The health insurer told the Sunday Tribune that to meet the solvency test, set for 1 September, it will need require "additional equity as well as insurance and/or subordinated debt''. The company must set aside 40% of its premium income as a reserve in order to satisfy the solvency test.


However, as subscribers leave the company it will not get close to satisfying the test and as a result it will not be fully regulated by the Financial Regulator.


The Sunday Tribune understands the Department of Health will now put the deadline for the 40% test back to December as it prepares a memo for government on the best way to deal with what could become a crisis for the firm which currently claims to have a solvency ratio of 27.7%.


"It is a strategic imperative for us to achieve regulation.

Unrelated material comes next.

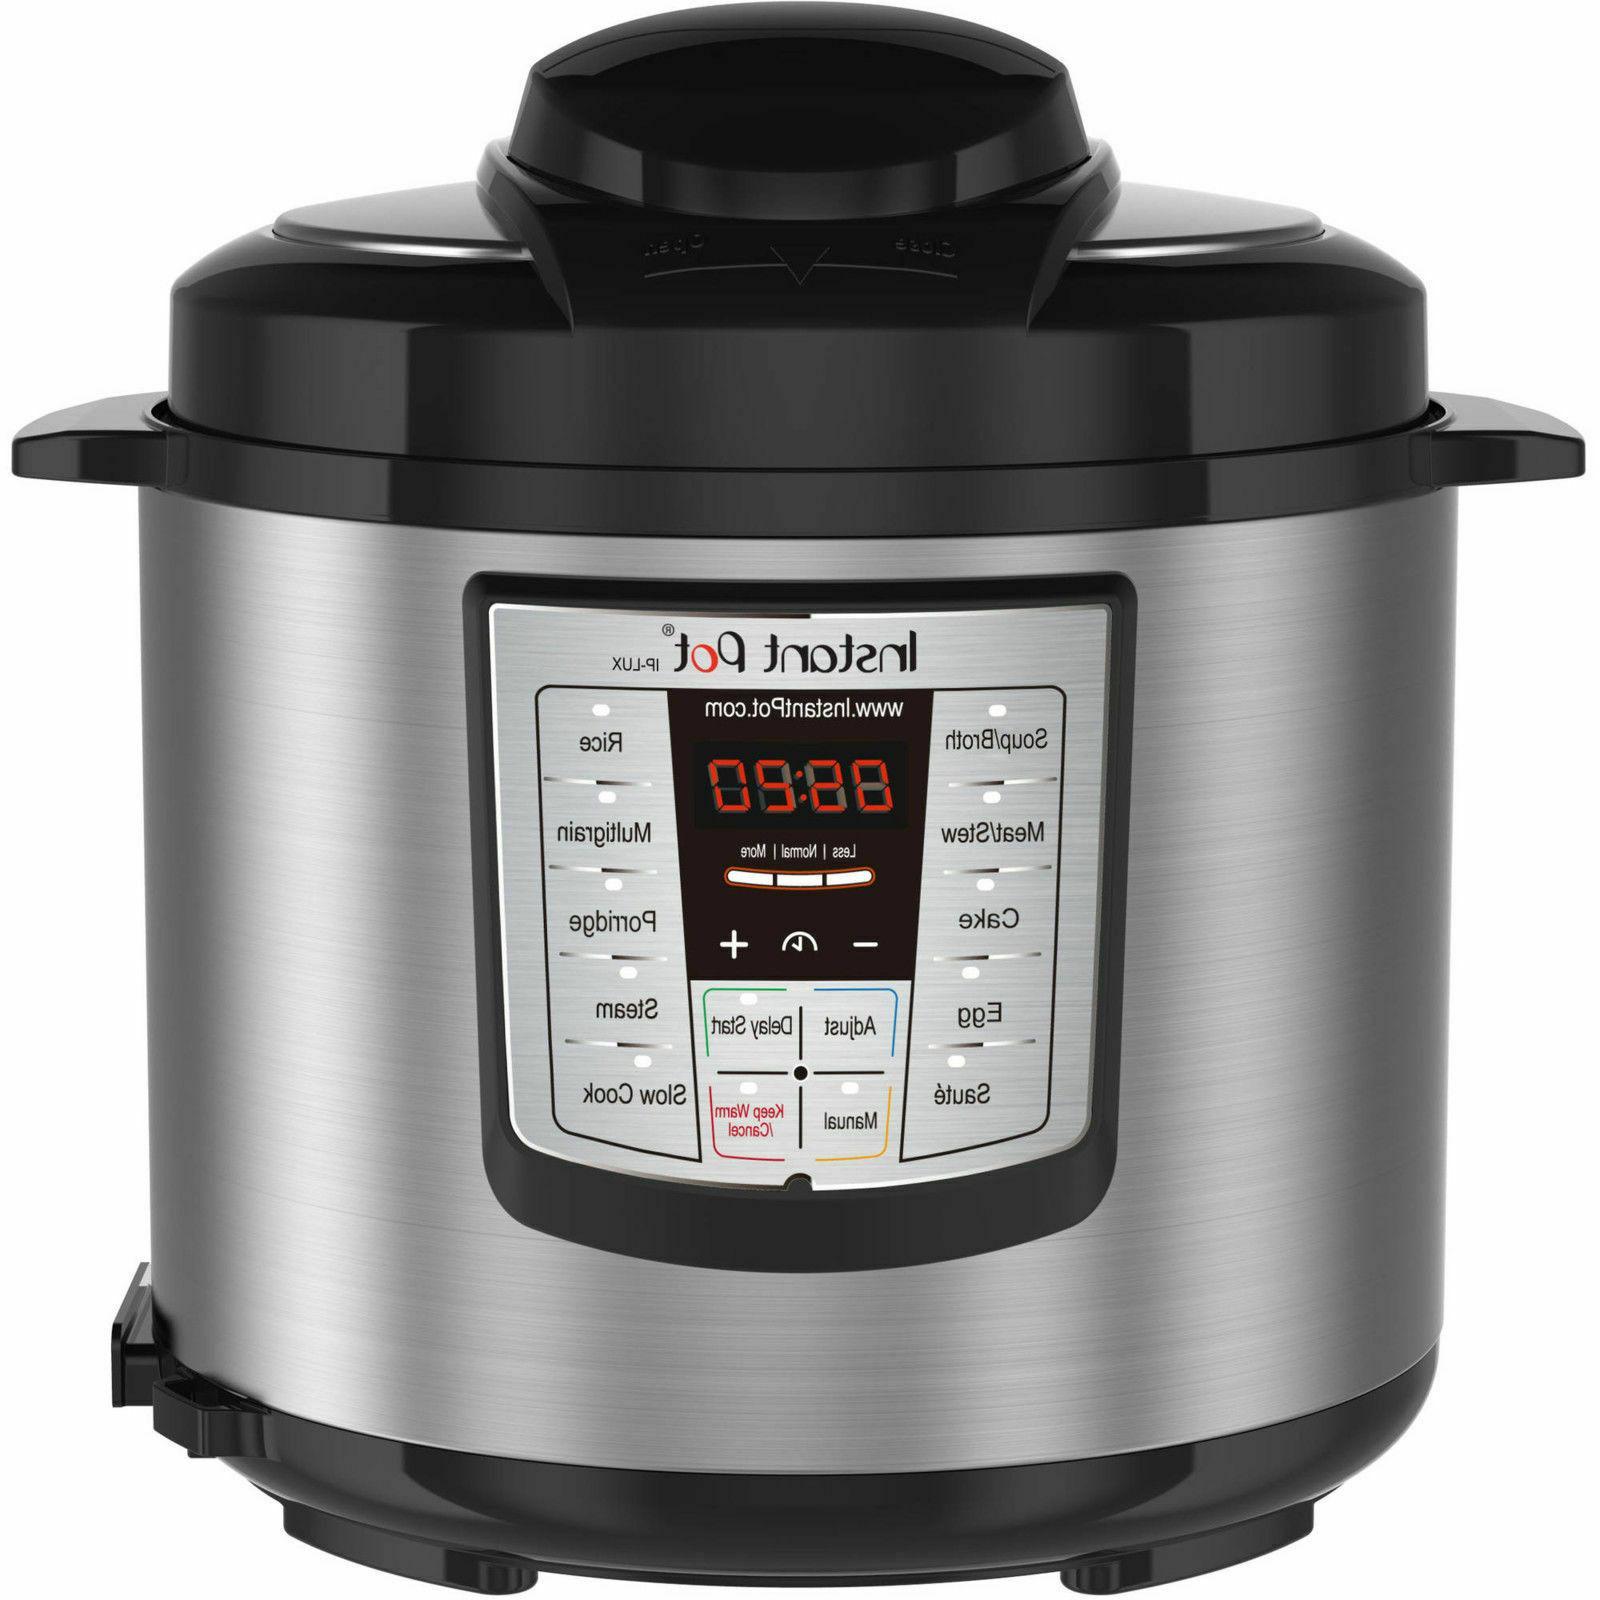 programmable pressure slow cooker 6 qt 6

We are exploring how to bridge the gap,'' said a VHI company spokesperson.


Reacting this weekend the managing director of Hibernian Aviva Health, Jim Dowdall, said: "Health insurance customers are already being charged a levy on health insurance to help fund the VHI. The provision of further state aid is neither of benefit to the taxpayer who must ultimately fund that state aid''.


He said his company estimated that VHI could have a "gap'' of €150m in terms of reaching the required solvency level. The VHI declined to comment on its precise solvency level at present.